Just as Nara feels Inter have not “protected” Icardi, there is also a sense that he’s not done enough as a captain to protect his teammates and check the flow of comments that have ultimately undermined his position at the club. The decision to take the armband from Icardi, as Spalletti described it, was “painful” and “very hard” to take.
This is a delicate time for Inter. Third place and Champions League qualification looked all but assured as the team headed into the winter break. Since then, Inter have exited the Coppa Italia and finally recorded their first league win of 2019 only last weekend. If they continue to flatline — starting with Sunday’s visit of Icardi’s former club, Sampdoria (12 p.m. ET, ESPN+) — they could quite easily find themselves as low as seventh place in a couple of weeks’ time.
Everything, including their hard work over the first half of the season, could be compromised. And yet some fans have welcomed the news that Icardi is no longer captain.
Parts of Inter’s support feel he should never have been given the armband in the first place and wanted it withdrawn after reading some explosive passages of his biography in 2016. The fact that news of Samir Handanovic’s installment as Inter’s new captain was communicated to the wider world via social media, a medium Nara appears to have mastered when it came to causing a stir, has been interpreted as no small irony. Spalletti’s revelation that Icardi was called up to Inter’s squad for Thursday’s Europa League game against Rapid Vienna, only to stay at home, has hardly helped the player’s cause, either.
Since then, Instagram stories of Icardi receiving treatment for inflammation in his right knee and a tweet from Inter confirming as much have added another layer to the affair at a time when questions abound about whether relations between the club and player can be reconciled. Inter’s sporting director, Pier Ausilio, has affirmed the club are still open to negotiating a new contract with Icardi, which, it must be said, isn’t at all urgent given his current one runs until 2021.

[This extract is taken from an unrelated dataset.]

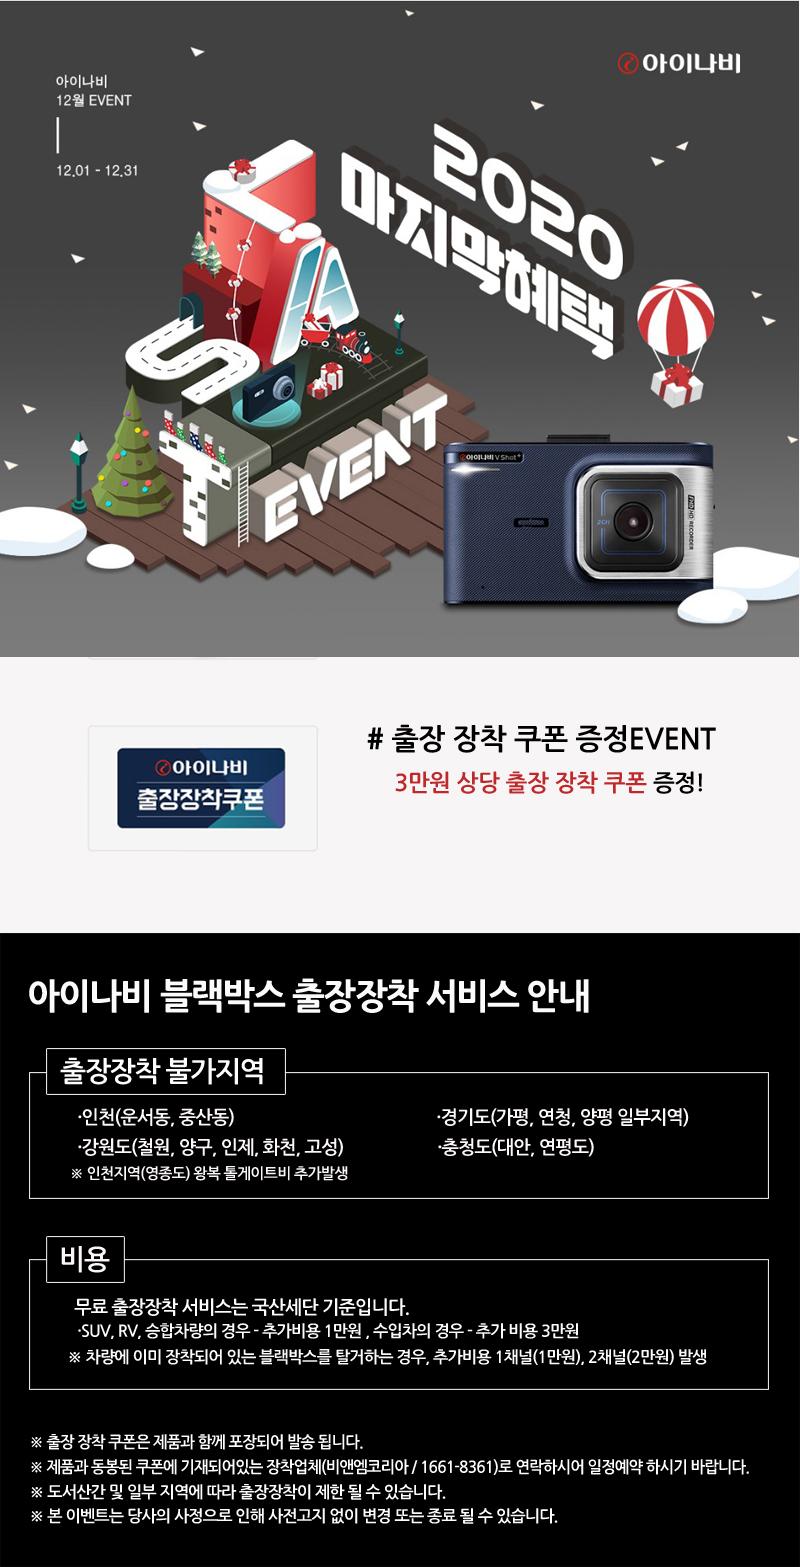 inavi_event.jpg

The question is simple, but crucial: How will Icardi go from being the guy to just one of the guys?
Wanda Nara’s outspokenness has caused problems for her husband and his current club.
It’s clear that he remains Inter’s best player. Not only is Icardi the team’s most prolific striker and a two-time Capocannoniere (Serie A top scorer), but he’s also the club’s ninth-top scorer of all time in all competitions. As such, he should perhaps be better than the seventh-best-paid player in the league. That doesn’t mean Inter should roll over and pay him €10m a year; the presence of a buyout clause worth only €110m in his current deal for clubs outside of Serie A explains why they’re just as eager to talk as Nara.

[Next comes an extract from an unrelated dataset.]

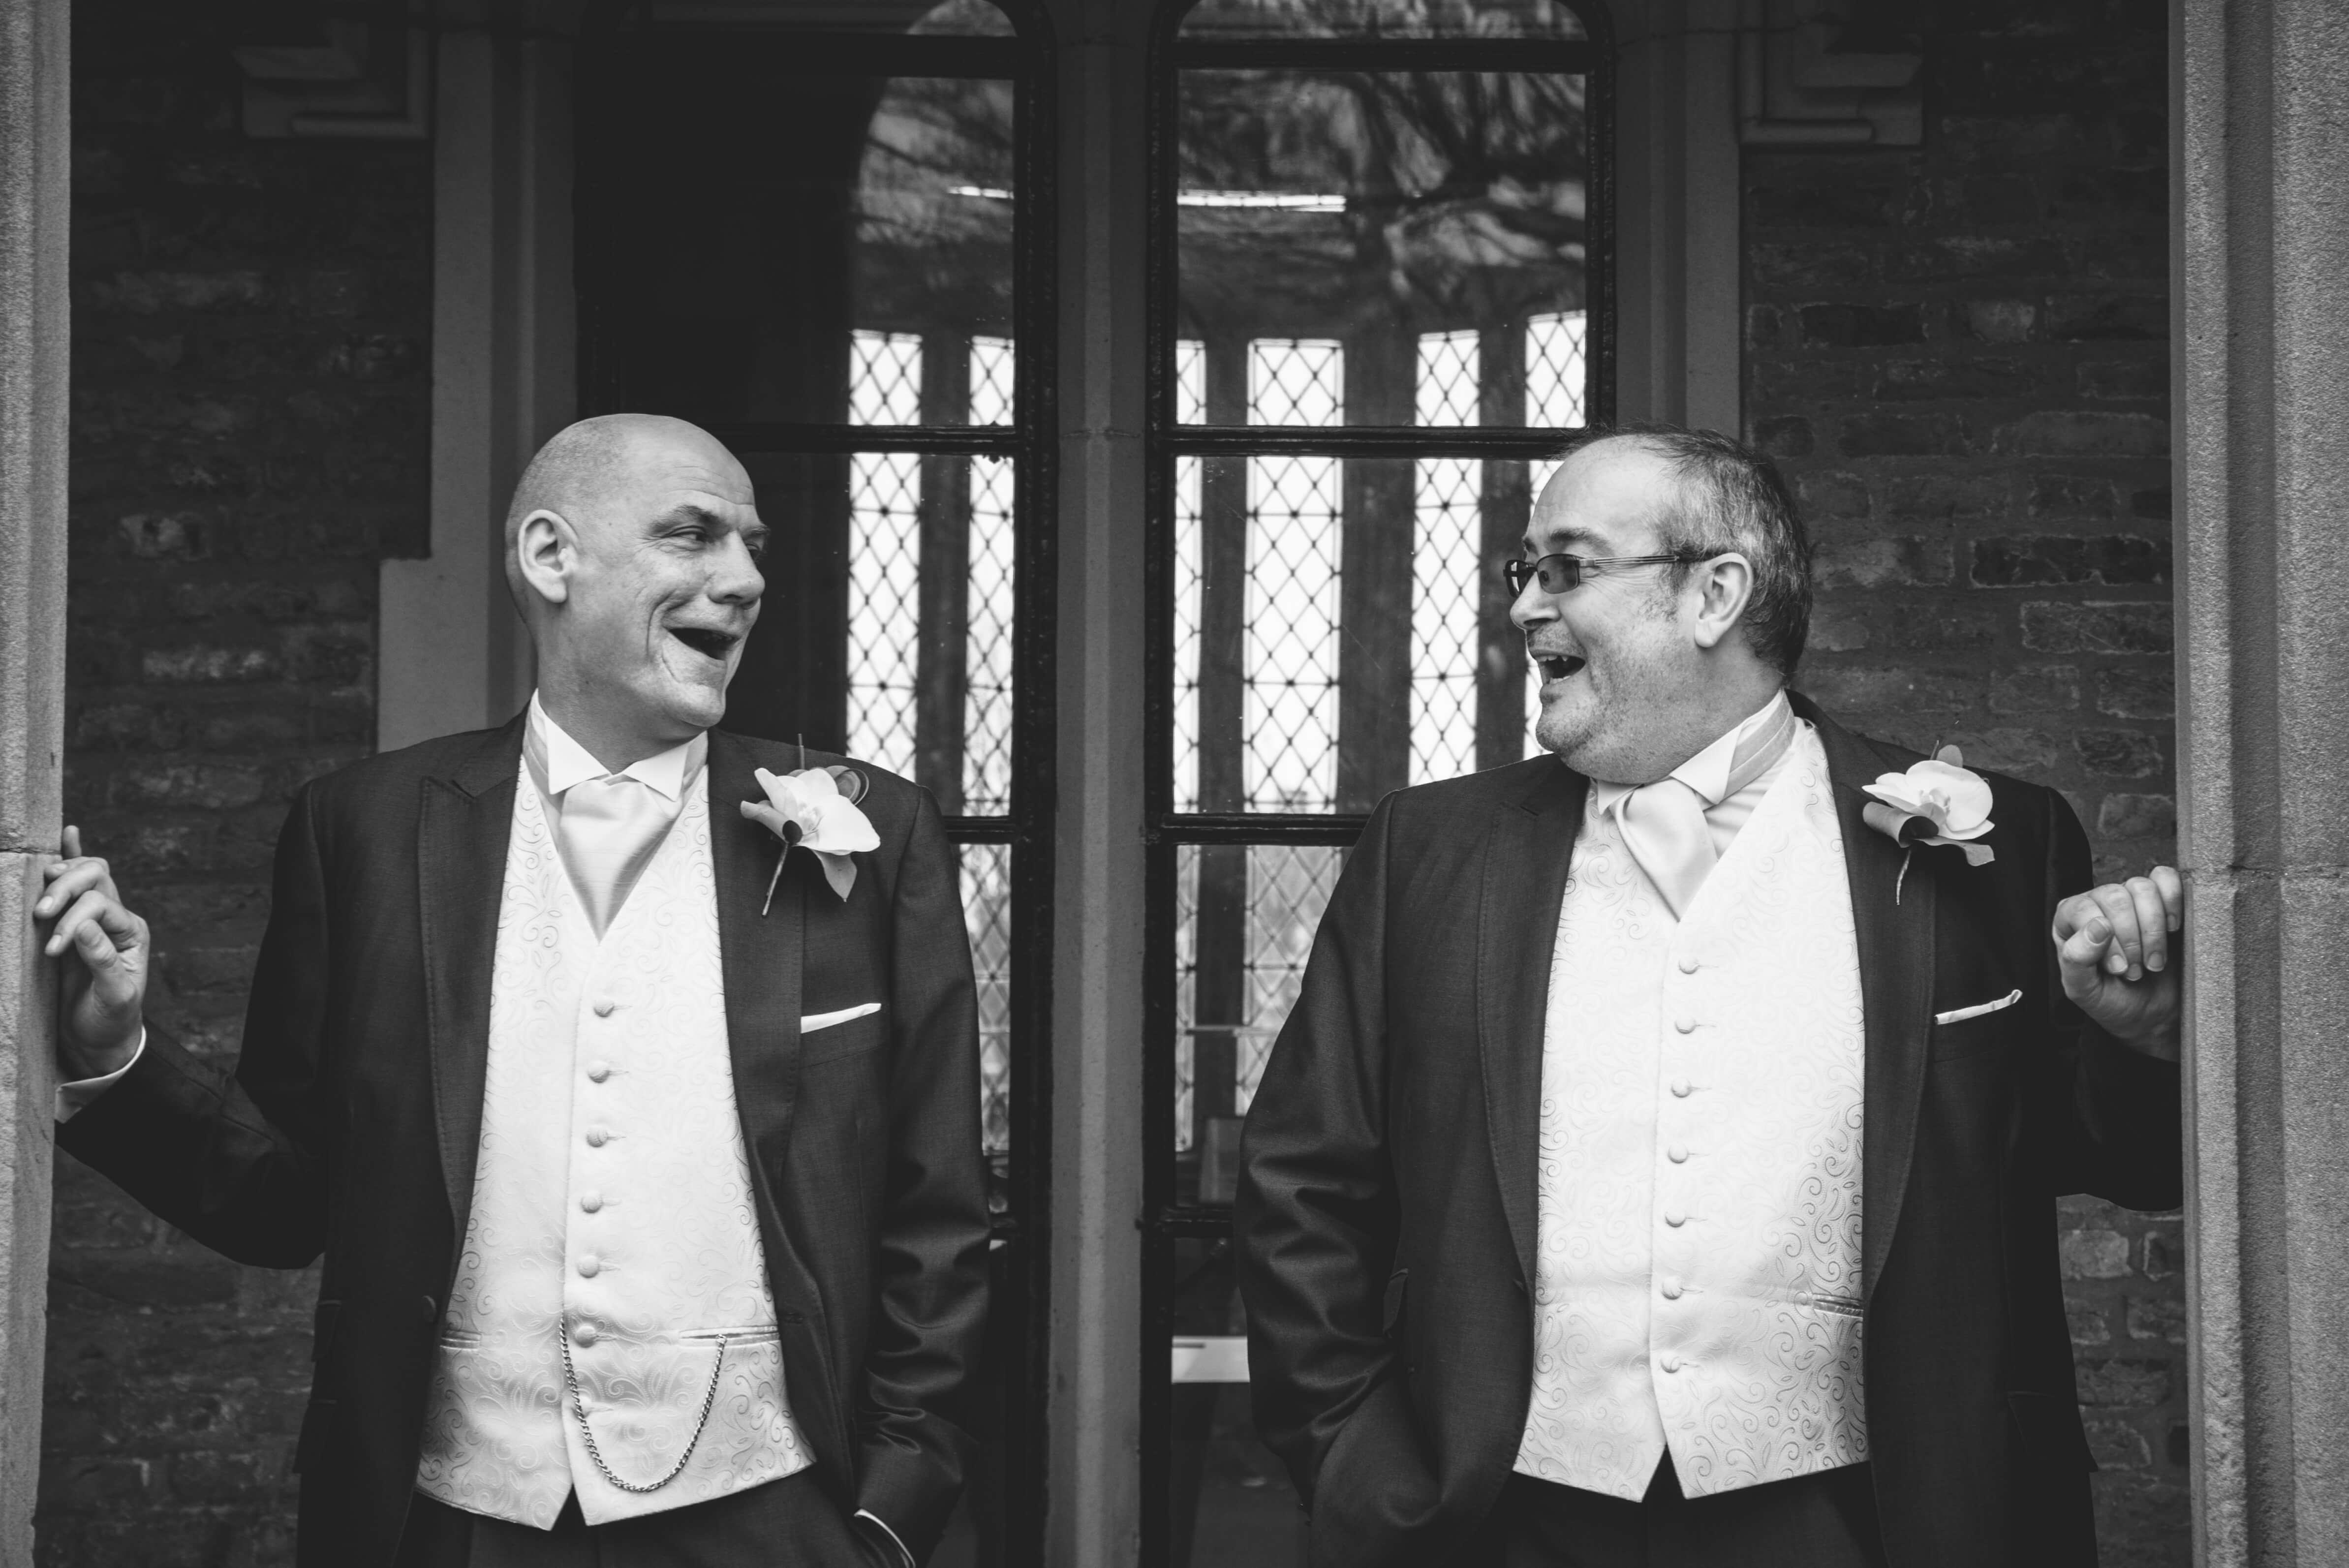 Ayscoughfee Hall Wedding 03 05 2016 1

That figure seems cheap in today’s market, especially for a proven scorer in his prime — Icardi turns 26 on Feb. 19 — and given that Juventus’ sporting director, Fabio Paratici, confirmed plans to sign Icardi were shelved only when they were told Cristiano Ronaldo was available, Inter need to think carefully about what to do next. As much as supporters have welcomed Inter’s decision to impose some order and leave the impression no one is bigger than the club, the Nerazzurri find themselves between a rock and a hard place; one is reconciling with Icardi, the other is replacing him.
It’s make or break not just between Inter and the player, but for their season as a whole.